Quella scatola di foto


Easy writer/Il racconto/Marco La Greca


di Lilli Mandara
Categoria: Maperò
20/05/2019 alle ore 16:12



“Papi, ma perché non ci sono le foto di quando andavi al liceo?”.

A casa di mia madre, dove ci troviamo, in effetti, nelle cornici appoggiate sui mobili o appese alle pareti, si vedono solo immagini in cui sono adulto. Oppure di quando ero in fasce.

Del liceo, invece, nulla.

Mentre lei, mia figlia, ora in quella fase si trova.

Normale che abbia questa curiosità. 

Non resta che andare a rovistare nello scatolone delle foto.

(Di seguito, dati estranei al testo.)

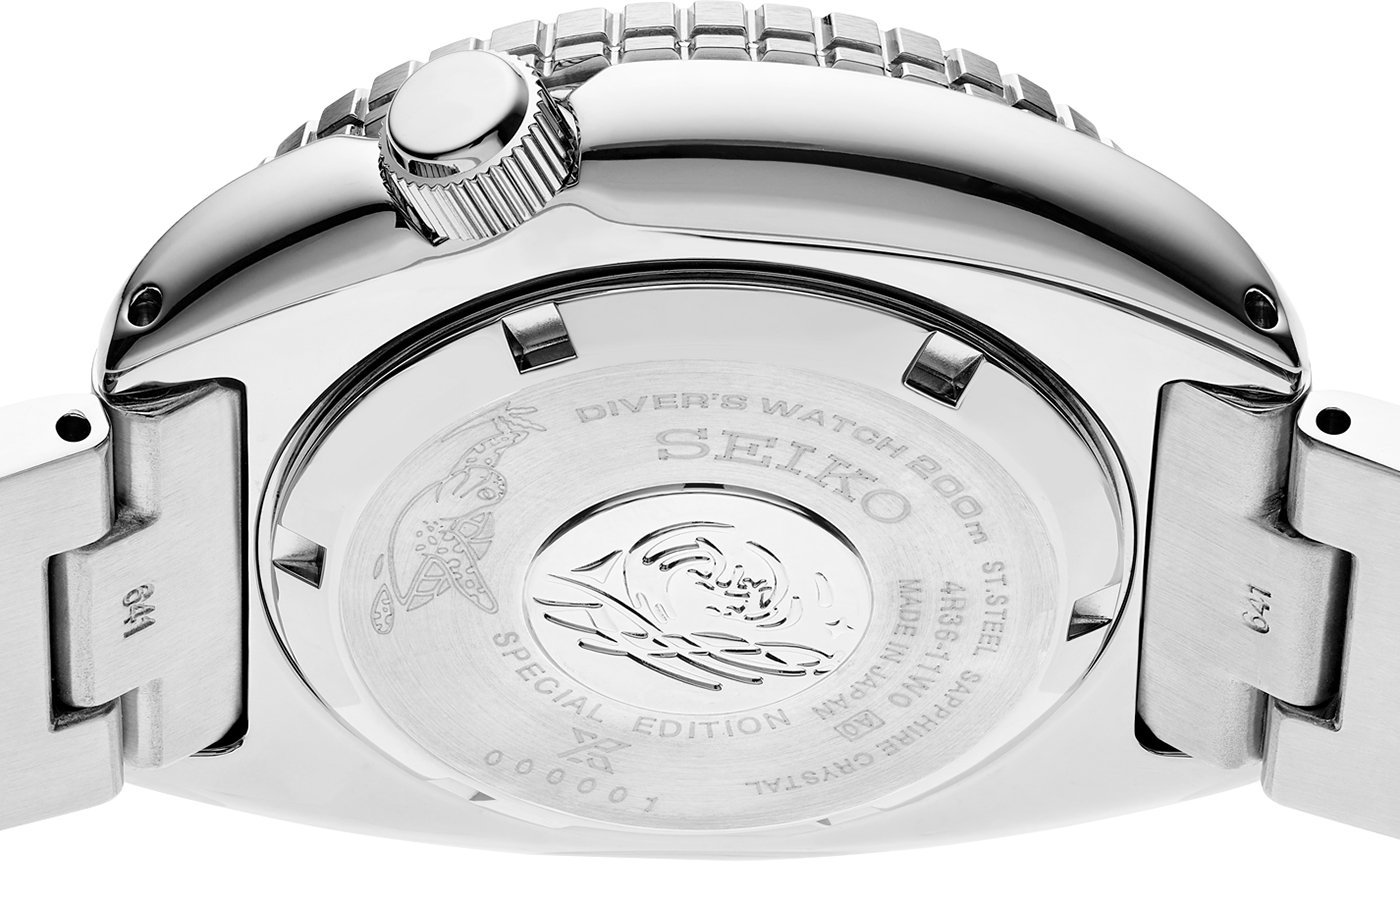 Seiko представила трио специальных серийных дайверских часов Prospex U.S., вдохновленных морскими черепахами

Dopo qualche tentativo poco fortunato, mi rendo conto che si è fatto tardi e non abbiamo tempo per cercare ancora; allora prendo una decisione drastica: mi incollo lo scatolone e lo porto a casa, depositandolo in camera di mia figlia. In fondo era lei che aveva manifestato l’esigenza di curiosare nel tempo.

Tornati a casa, sembra non interessarle più.

Passano uno, due, tre giorni. Lo scatolone rimane sempre lì. Intonso. 

“Papi” al liceo, forse, era solo una estemporanea e fugace curiosità.

Mi ripropongo di riportarlo presto da mia madre. Prima, però, decido di dargli una guardata.

Effettivamente è lo scatolone con le foto familiari del decennio corrispondente al liceo, all’università, al militare, al primo periodo lavorativo.

Un periodo nel quale mio fratello ed io siamo presenti solo in due fasi dell’anno. A Natale e a maggio. A Natale, vabbè, perché è Natale, come fai a sottrarti? A maggio, invece, perché erano i nostri compleanni. 

Dai 14 anni in poi, del resto, un ragazzo fa di tutto per non stare con i genitori, che riescono a catturarlo solo a Natale e ai compleanni, appunto. 

Sorridi. Mettiti qui. Sorridi. 

Click. Click. E ancora click.

Scorrono davanti a me una decina d’anni di vita familiare. Dicembre e maggio. Natale e compleanni. 

Sorvolo sulle evidenti trasformazioni fisiche, sia nel percorso delle foto, sia nel rapporto con l’oggi. E’ nell’ordine naturale delle cose e sto imparando ad accettarlo. Con qualche difficoltà, ma sto imparando.

Mi colpiscono invece le foto della festa di 50 anni di mio padre. 

Forse perché le vedo proprio nella settimana in cui anche io sono giunto alla stessa tappa. 

Lì tutti in giacca. Gli invitati, mio padre, mio fratello ed io, diciassettenne. Mascherato da persona che non ero.


A 50 anni, continuo a sentirmi veramente me stesso solo con i jeans.

La seconda cosa che mi colpisce è vedere le immagini di momenti nei quali, come ho letto da qualche parte, sembra che non succeda niente, e invece sta cambiando tutto. Non lo sapevamo, non potevamo saperlo, ma così non saremmo stati più. 

Infine, mi colpisce una foto. 

E’ quella dei miei sedici anni. A casa dei miei genitori, in salone. Indosso avevo un maglione a righe orizzontali mai andato di moda. La foto a scattata mentre mi muovevo per spegnere le candeline e perciò risulta mossa. Il viso non si distingue per nulla. Una foto sbagliata. Eppure mia madre, anziché lasciarla nella busta dei negativi e degli scarti, l’ha inserita nell’albumino dei ricordi. Perciò adesso mi ricorda chi ero: un sedicenne indefinito e confuso. Mosso. Catturato nel giorno del suo compleanno, desideroso di essere altrove, bisognoso di quella stessa cattura.  

Nella settimana dei miei 50 anni, mi chiedo chi sono.

Forse una foto, retrospettivamente, lo svelerà.

Intanto mia figlia, quando finalmente ha visto gli scatti del liceo, ha detto che ero bello.

Poi è tornata nella sua stanza.

Domani riporto quella scatola di foto da mia madre.